[DATA SHOWN — start]

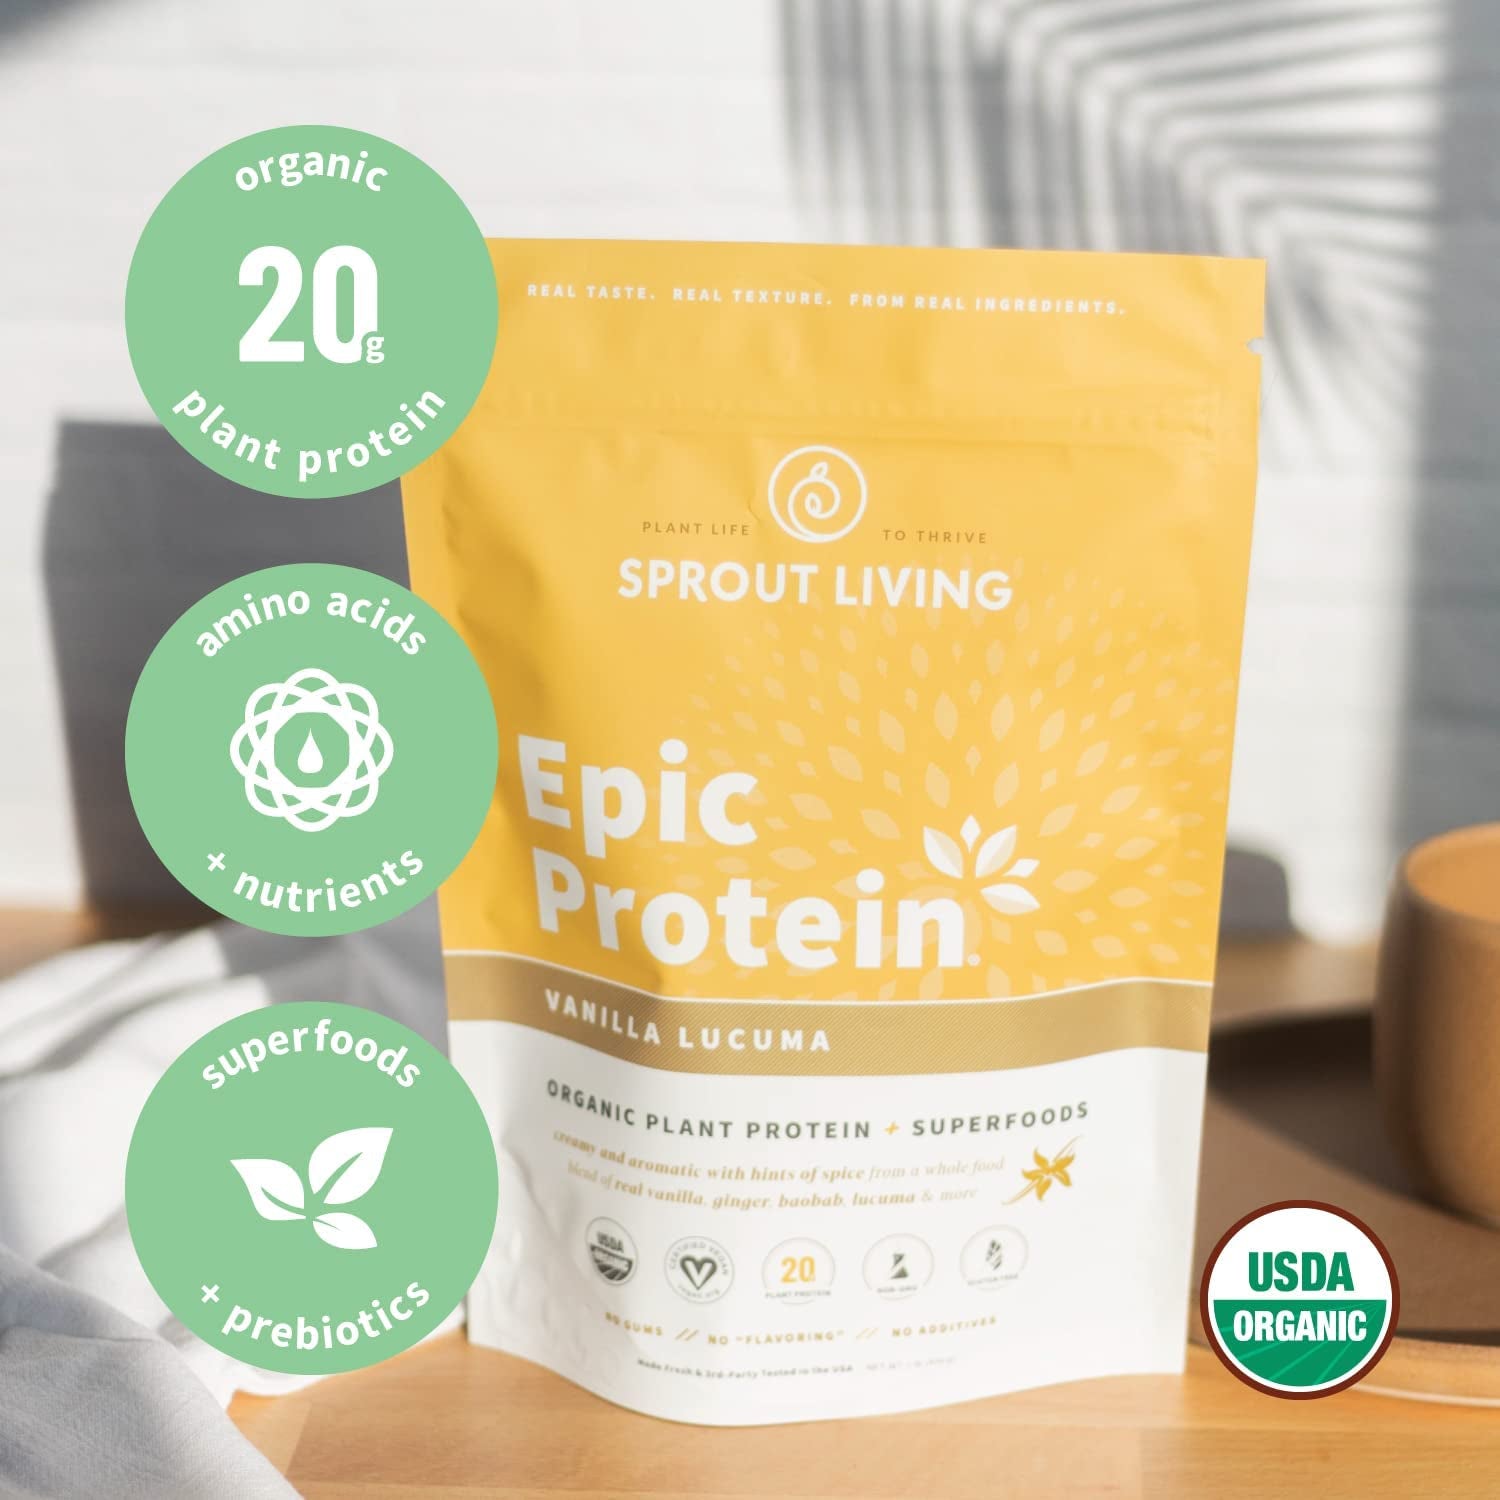 Sprout Living Epic Protein Bundle - Vanilla Lucuma & Pro Collagen (20G Organic Plant-Based Protein Powder, Vegan, Gluten Free, Superfoods) | 1Lb, 12 Servings
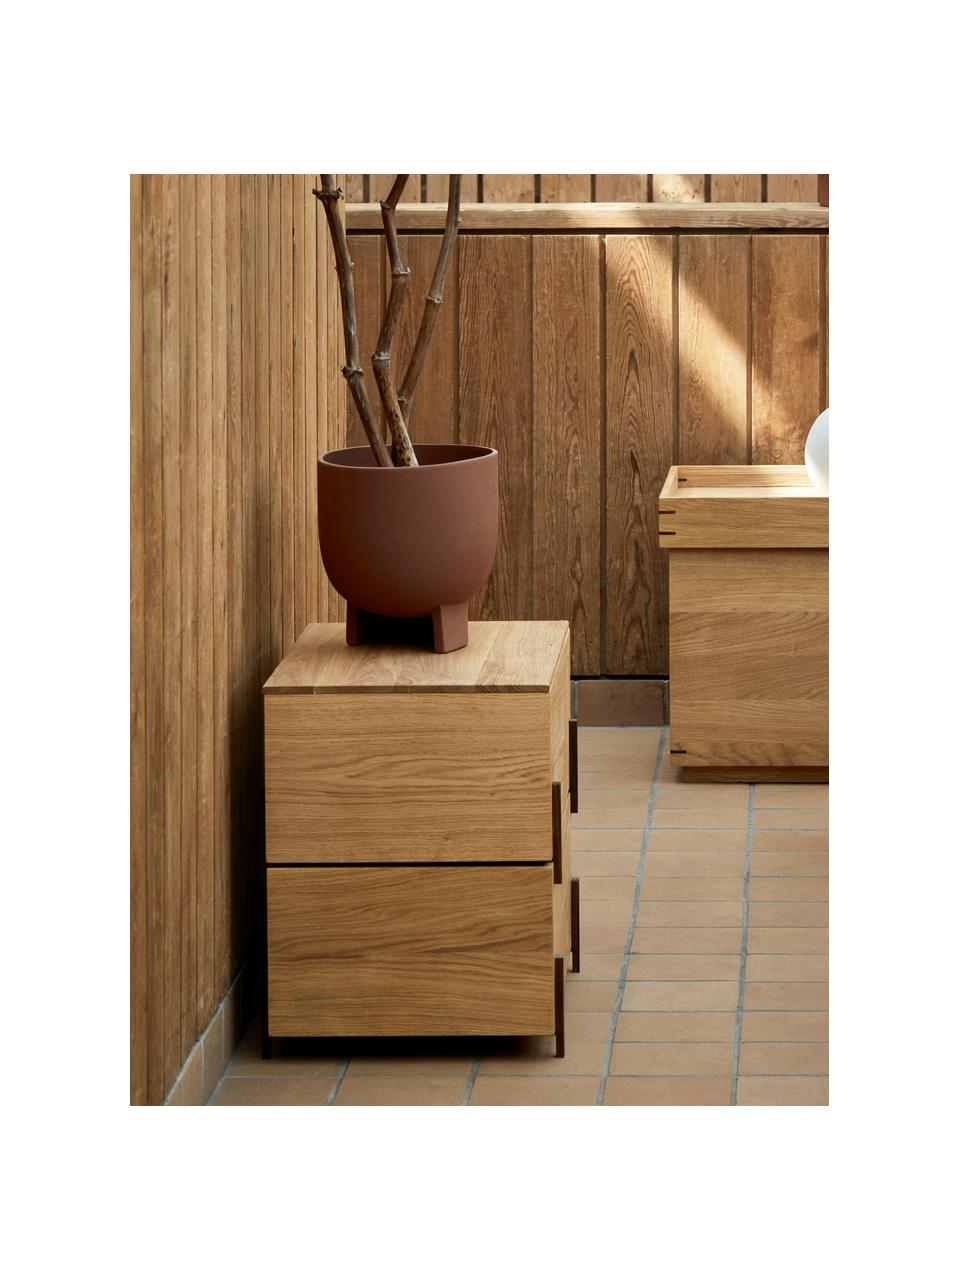 Regál z dubového dreva Stack, Dubové drevo, s FSC certifikátom, Dubové drevo, ošetrené olejom, Š 50 x V 68 cm
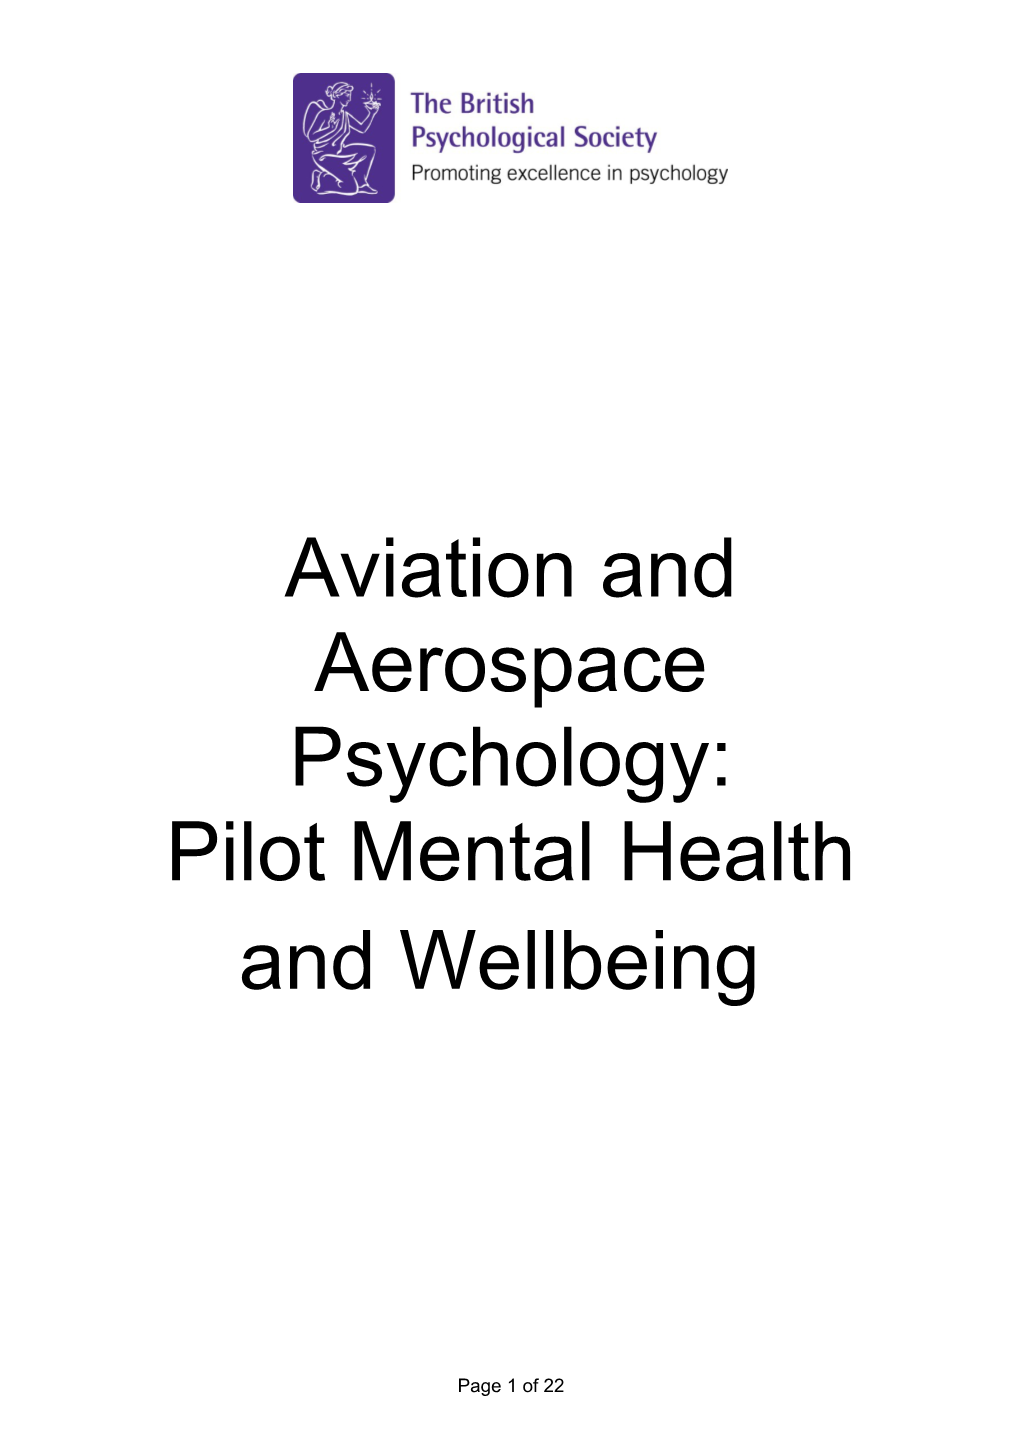 Aviation and Aerospace Psychology
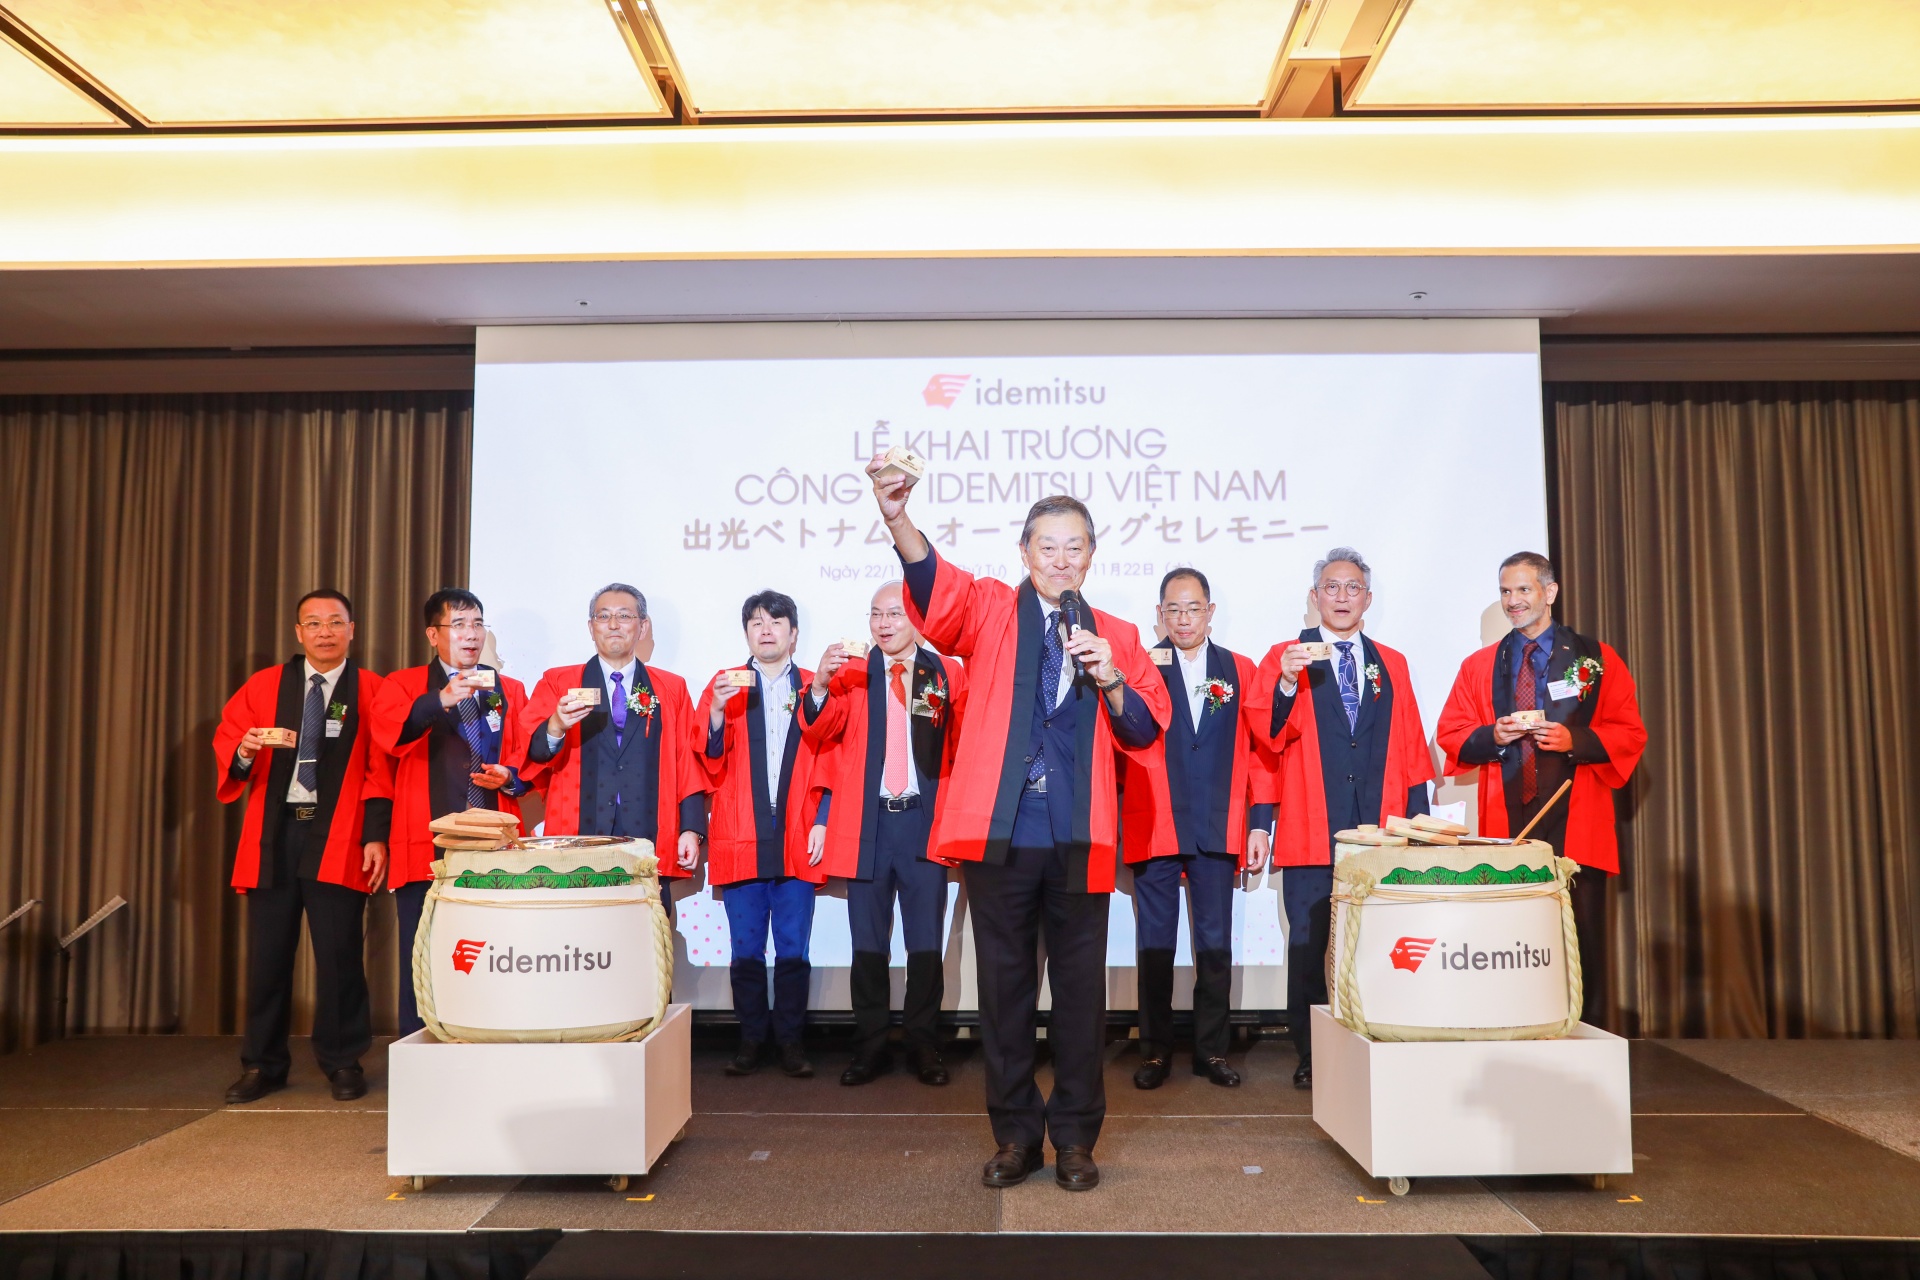 Idemitsu Vietnam established to consolidate its business activities

[DATA SHOWN — finish]

TASK DIRECTIONS:
Give back every line of the material exactly as written, but not the pictures.

FINAL ANSWER:
 Sprout Living Epic Protein Bundle - Vanilla Lucuma & Pro Collagen (20G Organic Plant-Based Protein Powder, Vegan, Gluten Free, Superfoods) | 1Lb, 12 Servings
 Regál z dubového dreva Stack, Dubové drevo, s FSC certifikátom, Dubové drevo, ošetrené olejom, Š 50 x V 68 cm
 Aviation and Aerospace Psychology
 Idemitsu Vietnam established to consolidate its business activities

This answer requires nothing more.